9 - Goo Goo Dolls - "Gutterflower"
The dolls have released 2 albums since this one, and not to say they are bad - but this one just hit the perfect mark. As Rzeznik was heard to quip on the Behind The Music special on the band "We've turned a corner" - something he observed when the 3-piece orchestra showed up at the studio during the recording of "Iris". He was right, but only half so. Dizzy Up The Girl started around the corner, and Gutterflower is walking proudly on the other side of the building, with a bit of the sneer brought back.
It is still power guitar pop, no question, but there is a grittier undercurrent running through all the tracks here, from the twisting first single "Here Is Gone" to the beaten-but-not-broken "It's Over" to the simple acoustic yearn of "Sympathy" - here the Dolls take all their best pieces and weld them together with high-sheen guitar pop, and end up with the most consistent, well-rounded album of their career, landing them number 9 on this list.

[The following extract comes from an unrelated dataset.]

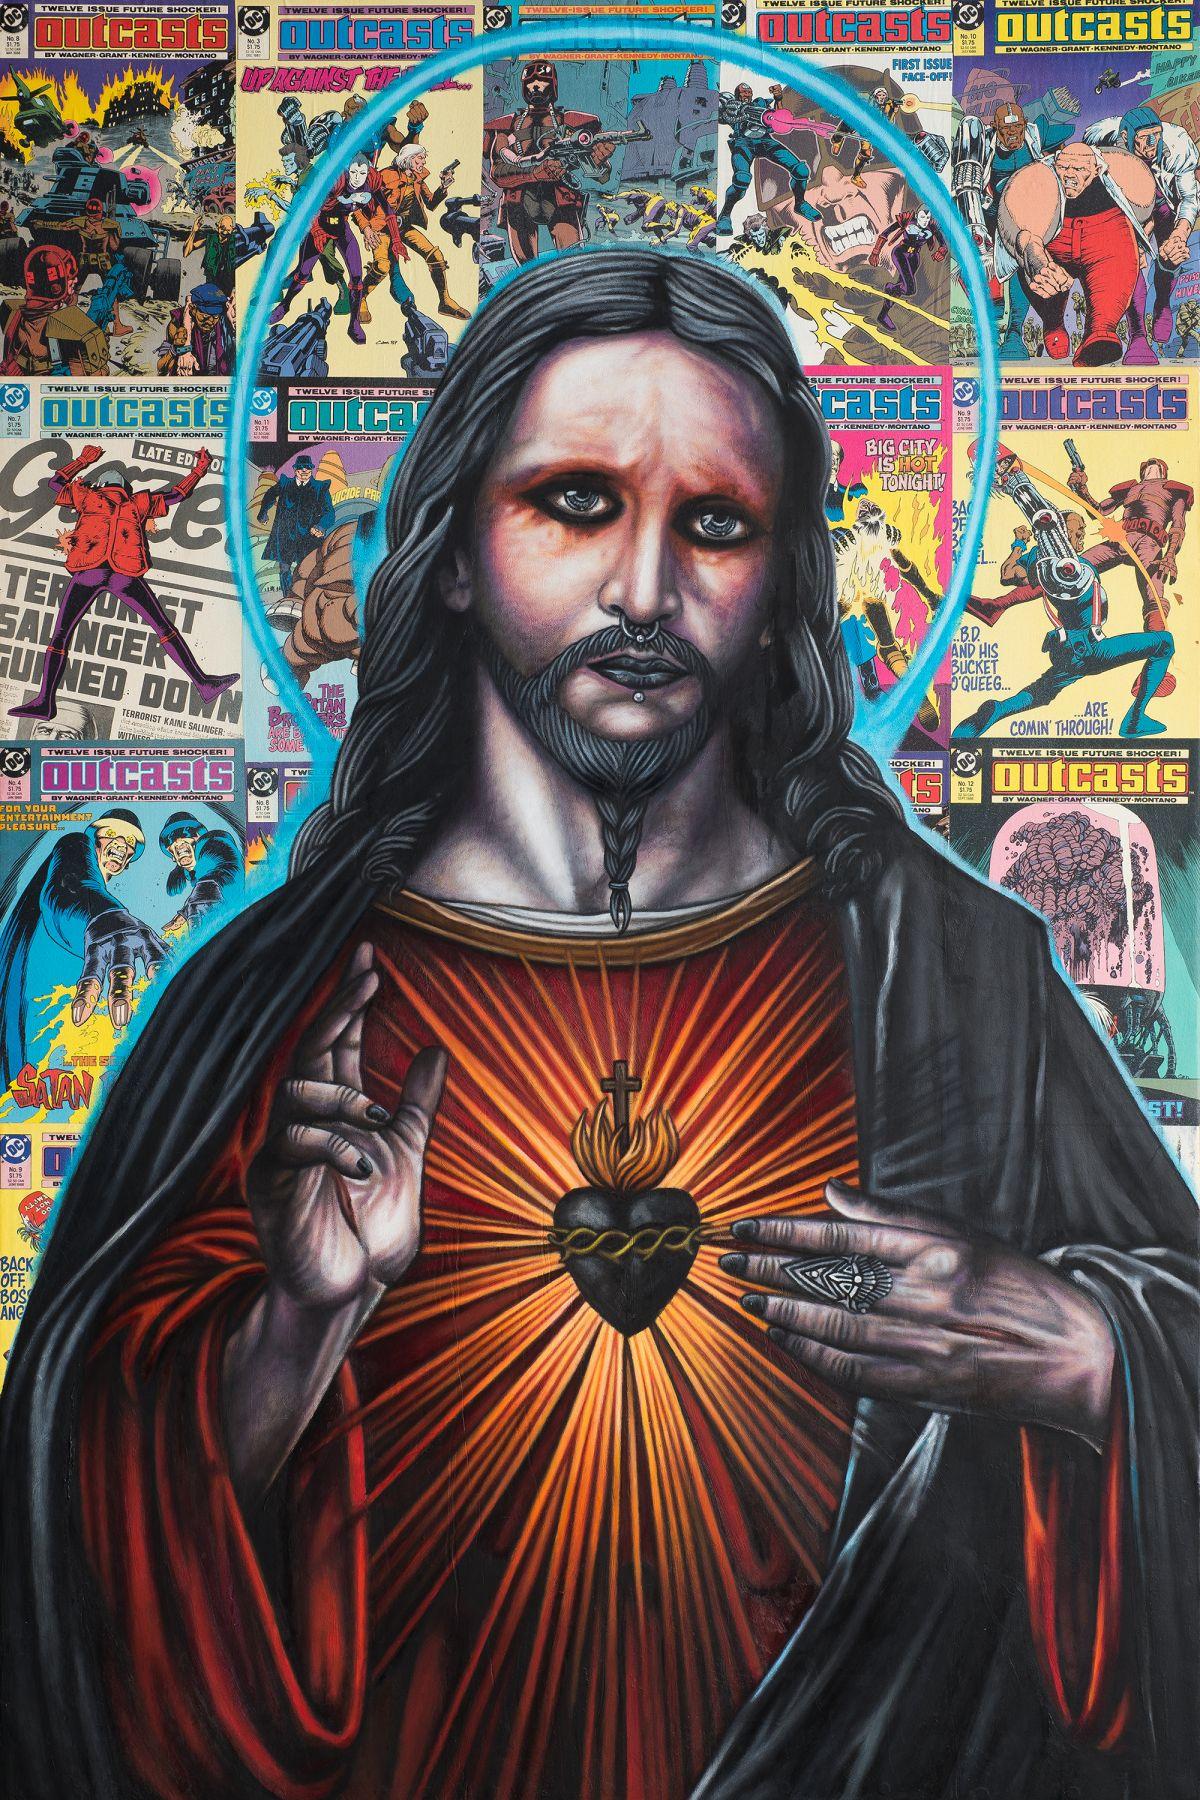 Outcasts (Jesus) by Michael LaBua

8 - New Order - "Get Ready"
For a band who rose out of the ashes of another, and released this album 8 years after the previous in 1993...did they have anything left worth listening to in 2000, after what is several eternities in the music business? The answer storms out of the speakers with the sparkling licks of "Crystal" the second you hit play. And going with the over-arching theme of all albums picked for this list of end to end cohesion - this disc has it going in spades. The rollicking mood rolls along at "60 Miles an hour", and then Corgan joins along for "Turn My Way" to slow things down a bit - leading into a middle half that is not quite stomper, but not quite power ballad (although the driving "Someone Like You" certainly amps things back up to frenetic pace once again) before floating back down to easygoing, sunset-on-the-beach-with-your-lover peace and tranquility of "Run Wild". Is Sumner the best lyricist on the world? No. But as the aforementioned transition, build, and peaceful comedown prove, you don't have to be when you know the music this well.

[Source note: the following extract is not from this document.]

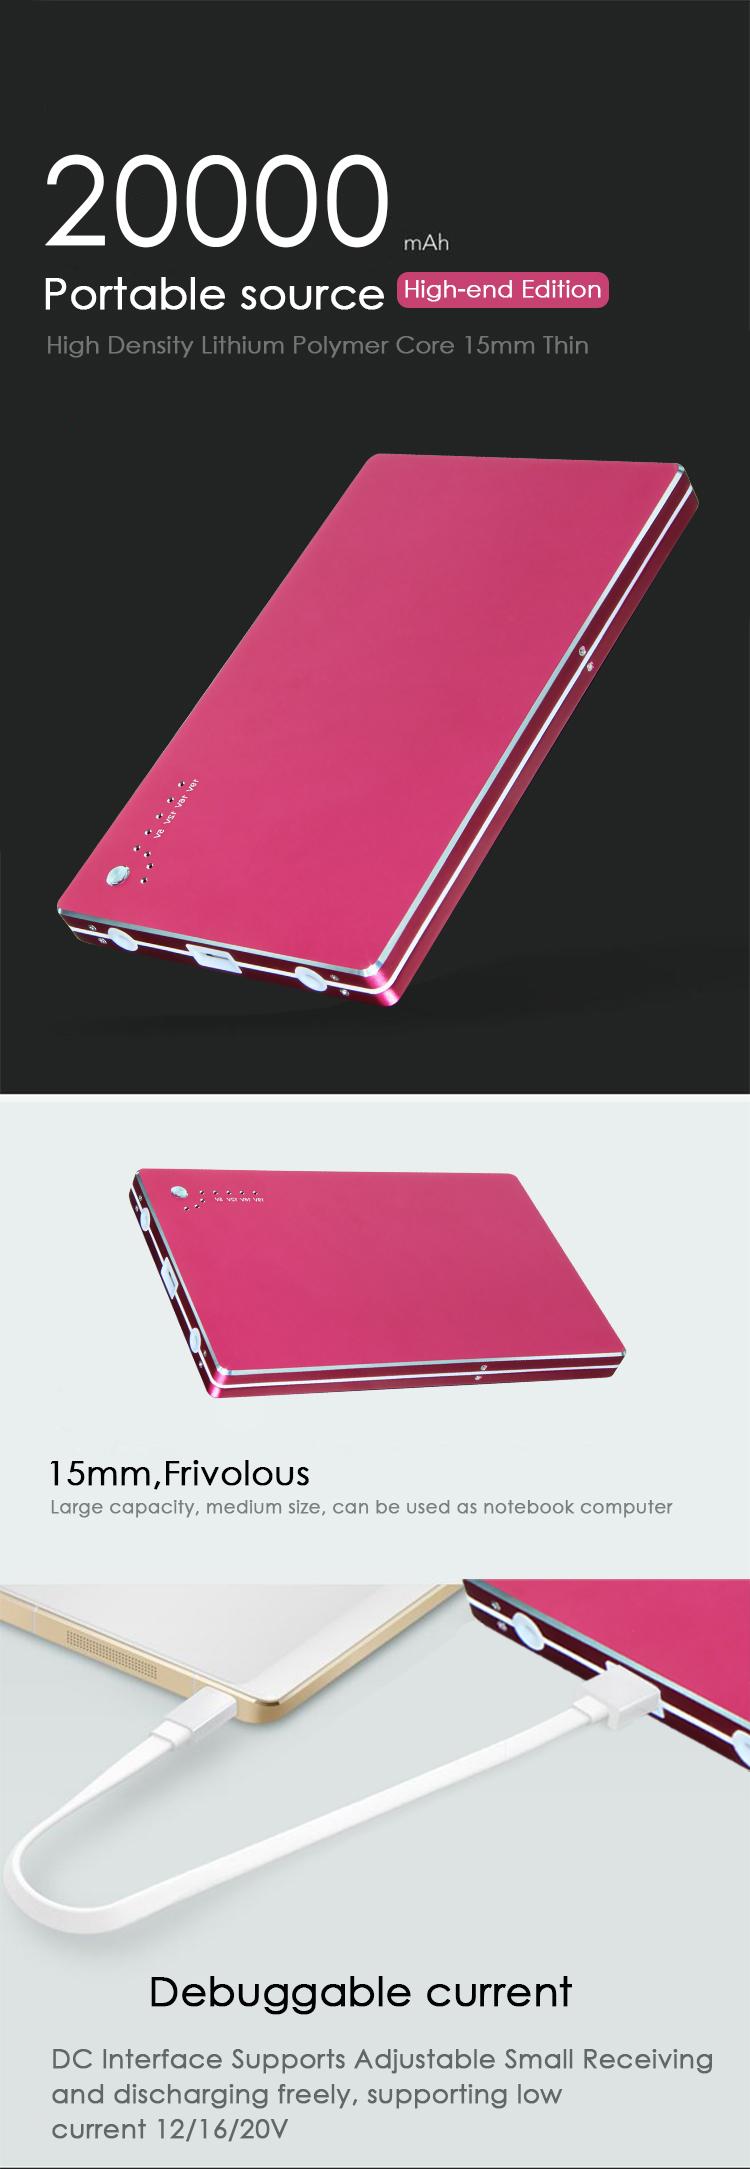 Kapasitas Tinggi 20000 MAh Charger Laptop Power Bank untuk Notebook, Portable Charger 20000 MAh Power Bank

7 - Oasis - "Dig Out Your Soul"
The Gallagher brothers have, in the time between this album released and my writing this, split company - this time, perhaps, for good, for real. If so, it would be a shame, because this album rings with the sound of a band finding its way again after a troubled middle age. They stormed the radio on both sides of the atlantic with the catchy "Wonderwall", "Champagne Supernova", and even a little more with the melancholy stuck-in-your-head yearner "Don't Go Away" - after that, everything went to hell. "Standing on the shoulder of giants" began a string of albums where they couldn't decide what to be - psychedelic grunge-rockers, oasis mark 2 mixed with vocals that seemed intentionally squawked through the microphones to imitate..god only knows what, but it sounded awful. "Don't Believe The Truth" showed a glimmer of good things to come, and the better things showed fruit with "Dig Out your soul" - it is Oasis doing what they do best. The psychedelia and coke-binge-wrecked slide guitar over-drives are sheared away, and in place is strong britpop funneled through the swagger only the Gallagher brothers do so well. From the grinding stomp of "Bag It Up" and on through the gutteral assault of "Shock of the lightning" this disc excels. Even if "To Be Where There's Life" steers a tad TOO beatle-esque for the band's own good, this one shows them figuring out how to make good music again. Perhaps Beady Eye, the Liam-helmed group formed after Noel split with the group, will produce something even 1/4 as good. One can only hope.
2016 Edit to the above - those who know my tastes will recall my high praise for Noel Gallagher's High Flying Birds - and note that Beady Eye has since disbanded. Guess we know who won there.
6 - The Verve - "Forth"
Known mostly for the stones-sampling, simplicity-driven-video-having "Bittersweet Symphony", the Verve have a recognition point, even if most paid little attention after that hit had faded from memory. The internal bickering broke the group up, and most figured that was it.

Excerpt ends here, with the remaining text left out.